Reposted from Transition Voice (http://transitionvoice NULL.com/2014/01/growing-up-from-the-need-to-always-grow/)
In the Western World, growth is our mantra. Our schools, our religions, our governments, our businesses, all our institutions bombard us with the same message that to be all that we are meant to be means we have to grow.
Growth in and of itself can be a good thing, but unfortunately the growth that can be our doom is material growth, which has limits.
So instead of thinking for ourselves – we take these messages literally and we over feed our bodies and become obese; we fill our cities with ever expanding populations, we produce more and more babies filling our planet with people; and to try and meet our never ending demand for more and more stuff, our economies drive us to consume more and more resources. As a result, there is little space left for anything else but the material expansion of the human race.
This pure focus on material growth however leaves most of us feeling empty, lonely, hurt, angry, and numbed. So how did we get this way, why have we forgotten how to think for ourselves?
Falling Upward: A Spirituality for the Two Halves of Life (http://www NULL.amazon NULL.com/gp/product/0470907754/ref=as_li_qf_sp_asin_il_tl?ie=UTF8&camp=1789&creative=9325&creativeASIN=0470907754&linkCode=as2&tag=transitionvoice-20) by Father Richard Rohr, a Franciscan priest, provides a good explanation of why we are stuck in a meaningless pattern of growth. The book points out how healthy cultures value two halves of life, but in our postmodern culture we discourage people from growing up.
In the first half of life, our external laws, traditions, customs, boundaries, and morality form a container that helps to shape who we will become. They also provide us with the friction we need to move on and develop our own inner guidance systems that lead us beyond these simple, limited guidelines appropriate to the first half of life but that fall apart when applied to our complex world later on.
As we move through life and experience the struggles that life throws at us – our brushes with the law, our failed relationships, and our other failures – we begin to realize that simple rules and regulations, or escapes, do not isolate us from the struggles in life, or the pain they bring us.

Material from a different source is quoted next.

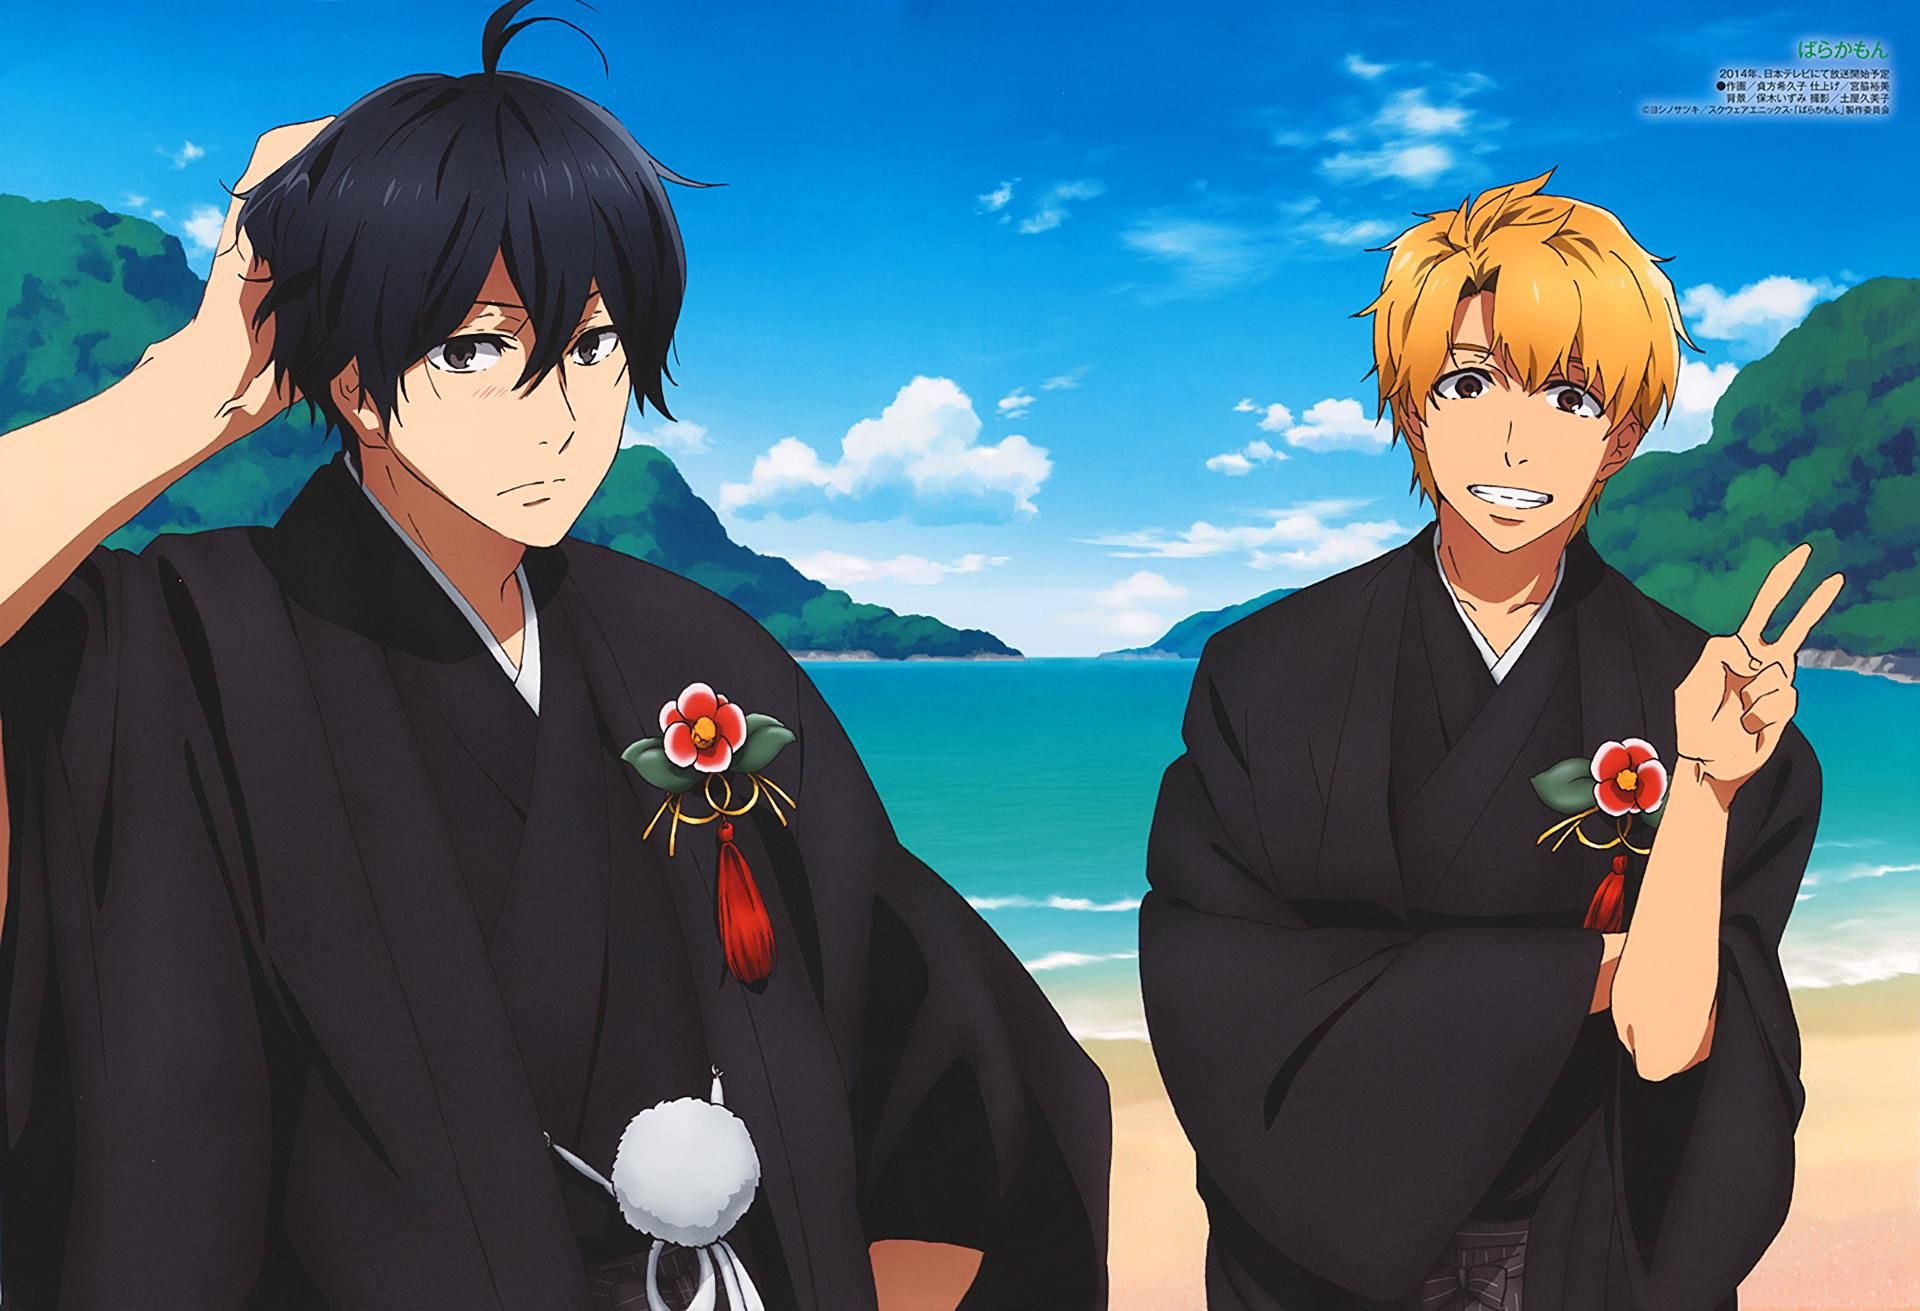 Anime Barakamon Hiroshi Kido Seishuu Handa Wallpaper in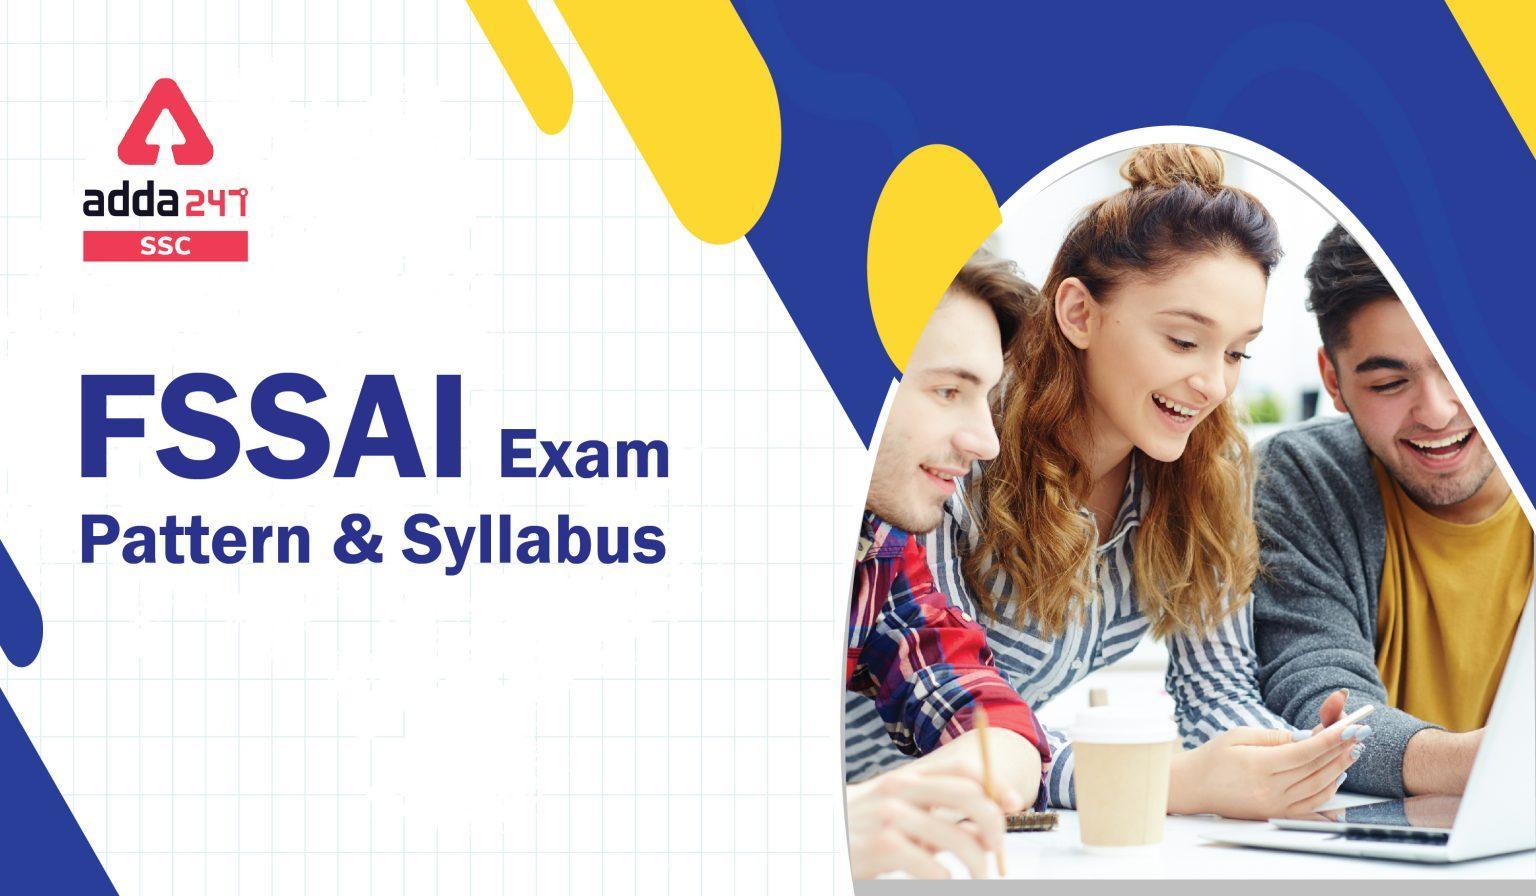 FSSAI Exam Pattern & Syllabus in Hindi : यहाँ देखें FSSAI का कम्पलीट सिलेबस और एग्जाम पैटर्न_40.1

It is by embracing these falls – these failures – that we begin to see the limits of first-half-of-life thinking. We learn to live in tension, instead of searching for ways to avoid it. We learn to transition from conditional love based on compliance, into an unconditional love based on connection. Instead of repeating mistakes over and over again, we embrace our mistakes and learn to try new ways.
That is how real growth occurs – not by clinging to old ways, old rules, or old moralities. That is how we move beyond the limits of our egocentric first half of life.
Yet, by now, it might just be that the friction that all this control produces is reaching a point where the resulting heat can melt down these immature structures of hierarchy. And from the ashes we can rise up to reclaim our second half of life – to really grow up.
As Rohr reminds us,
No one can keep you from the second half of your own life except yourself. Nothing can inhibit your second journey except your own lack of courage, patience, and imagination. Your second journey is all yours to walk or to avoid…some falling apart of the first journey is necessary for this to happen, so do not waste a moment of time lamenting poor parenting, lost job, failed relationship, physical handicap, gender identity, economic poverty , or even the tragedy of any kind of abuse. Pain is part of the deal. If you don’t walk into the second half of your own life, it is you who do not want it.